Date: 22 September 2018

Organizing Partner: Greenpeace East Asia

“Mangkhut” was an exceptionally powerful super typhoon. Although typhoons are nothing new to the people of Hong Kong, they are still worried about the huge devastations brought about by super typhoons like “Mangkhut”. Low-lying Tai O is a village that frequently suffers from flooding during typhoons. What measures of resilience have been built in Tai O in the past years? How is climate change affecting the present and future of Tai O? And how are the government and local residents coping with those natural disasters?  

Co-organised by Carboncare InnoLab and Greenpeace, an Eco-Tour to Tai O was held on 22 September 2018. Participants were led to take a walk around Tai O, in order to see the infrastructure and contingency measures for disaster prevention, the development plan launched by government, as well as to have an overview of the Tai O community. The tour was postponed to a week after “Mangkhut”, giving the tour participants the perfect timing to observe the impacts of a super typhoon. An elderly local resident was also invited to share his experience after many years of facing windstorms.
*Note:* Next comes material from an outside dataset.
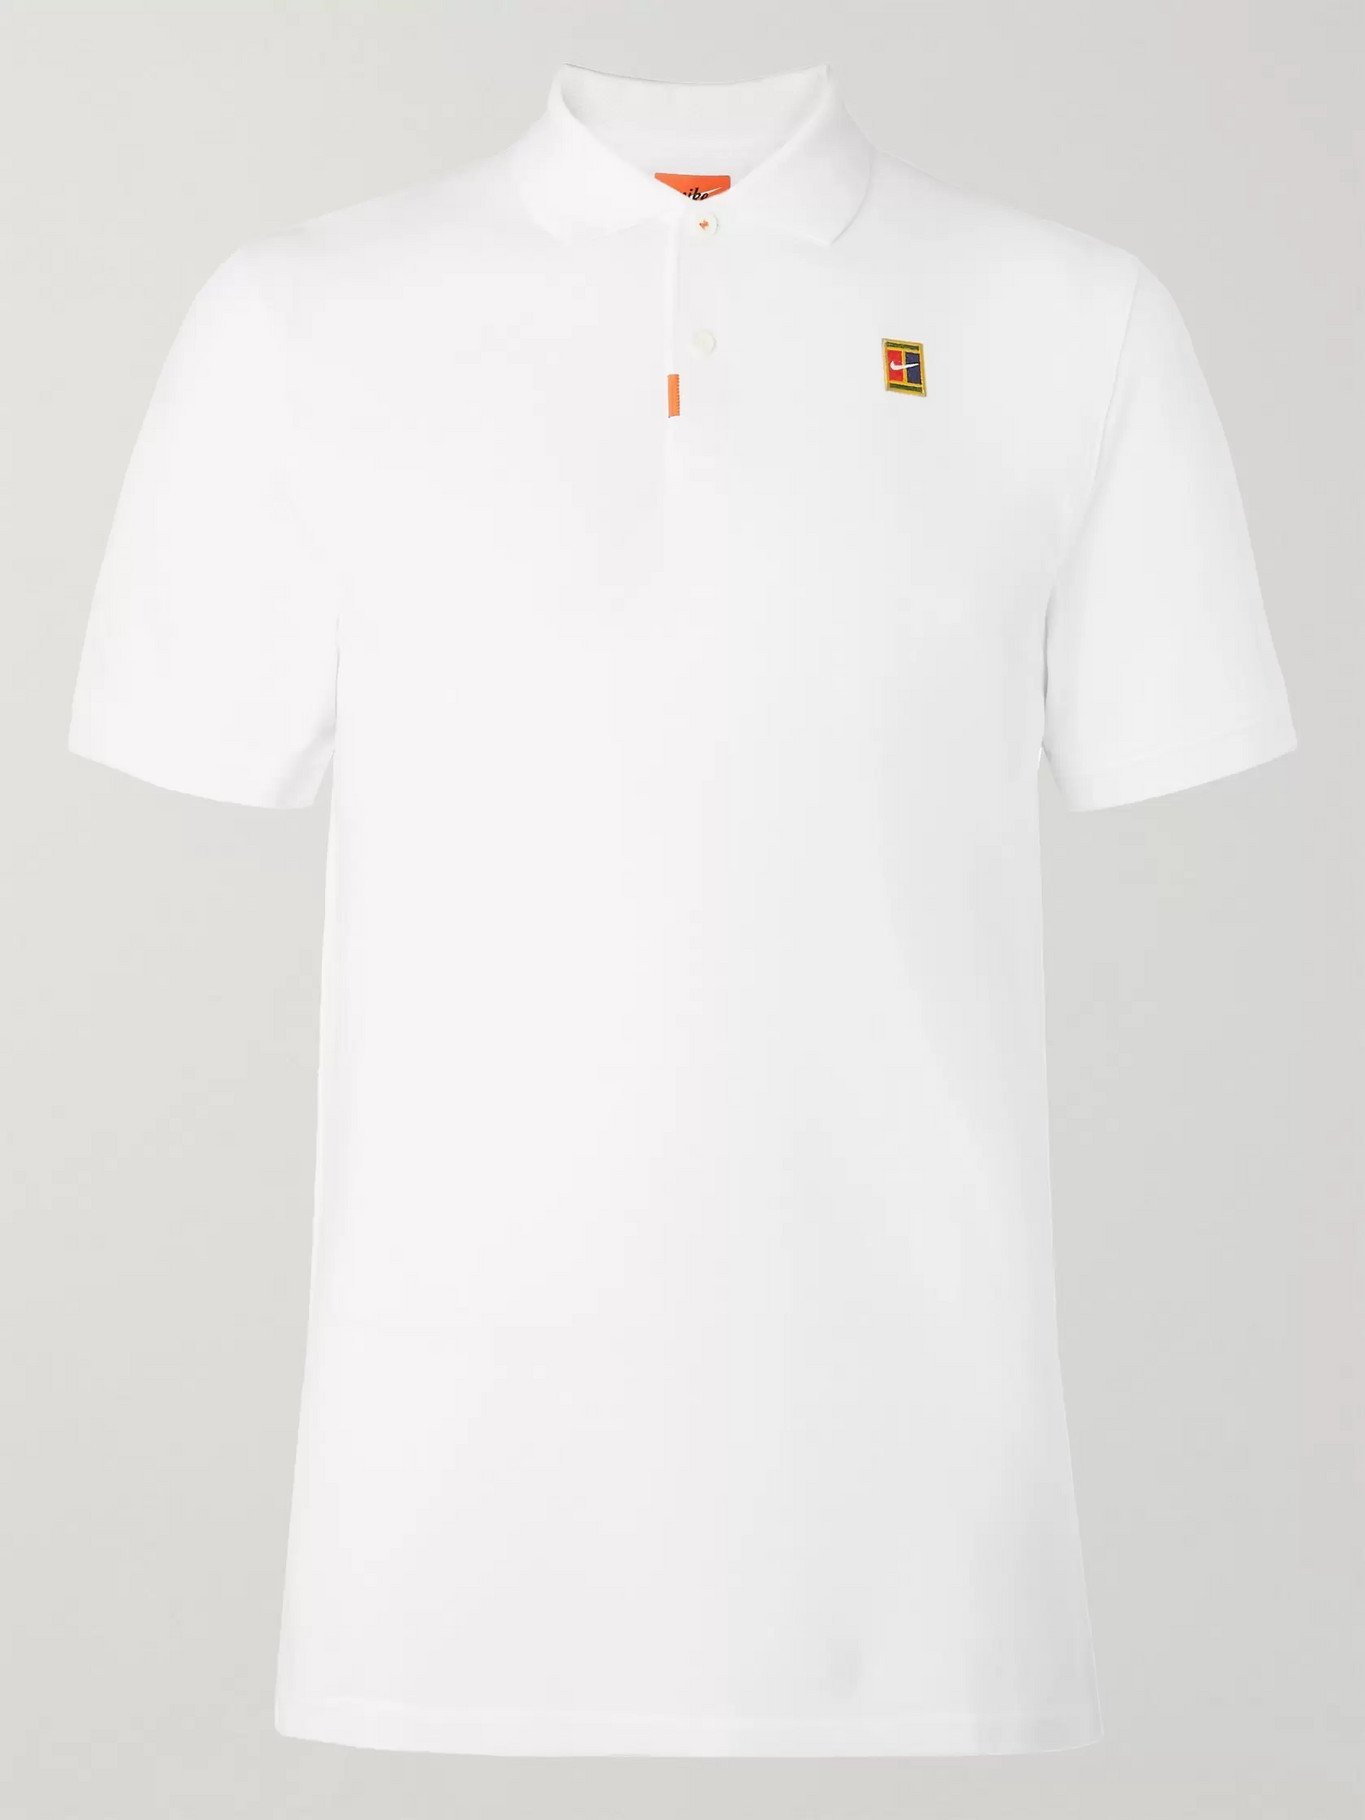 Tennis Polo Shirt - White Nike Tennis

Tai O residents still harbour a lingering fear after Typhoon Hagupit’s attack in 2008, during which astronomical tide and storm surges caused serious flooding threatening people’s life and bringing great economic loss to business and shops. After Hagupit, the Hong Kong Government began to step up disaster prevention and resilience measures from both the software and the hardware side. So starting from the aftermath of “Hagupit”, we explained to the tour members the various disaster prevention measures installed in Tai O, as well as the challenges brought by climate change. As the tour covered the mangrove wetland in Tai O, the significance of its conservation was also explained to the participants. The Hong Kong Government has also constructed a series of facilities to improve community living and boost local economy in Tai O. Whether such constructions are effective enough to help Tai O still remains to be seen.

Extreme weather events become more and more frequent under climate change. Rising sea levels lead to an upshift of coastlines, meaning that global warming is not only going to affect Tai O but many other coastal areas as well. Through such tours, we hope to alert the people of Hong Kong of the urgency to tackle climate change. People should take more actions to reduce carbon and also be prepared to adapting themselves to climate change.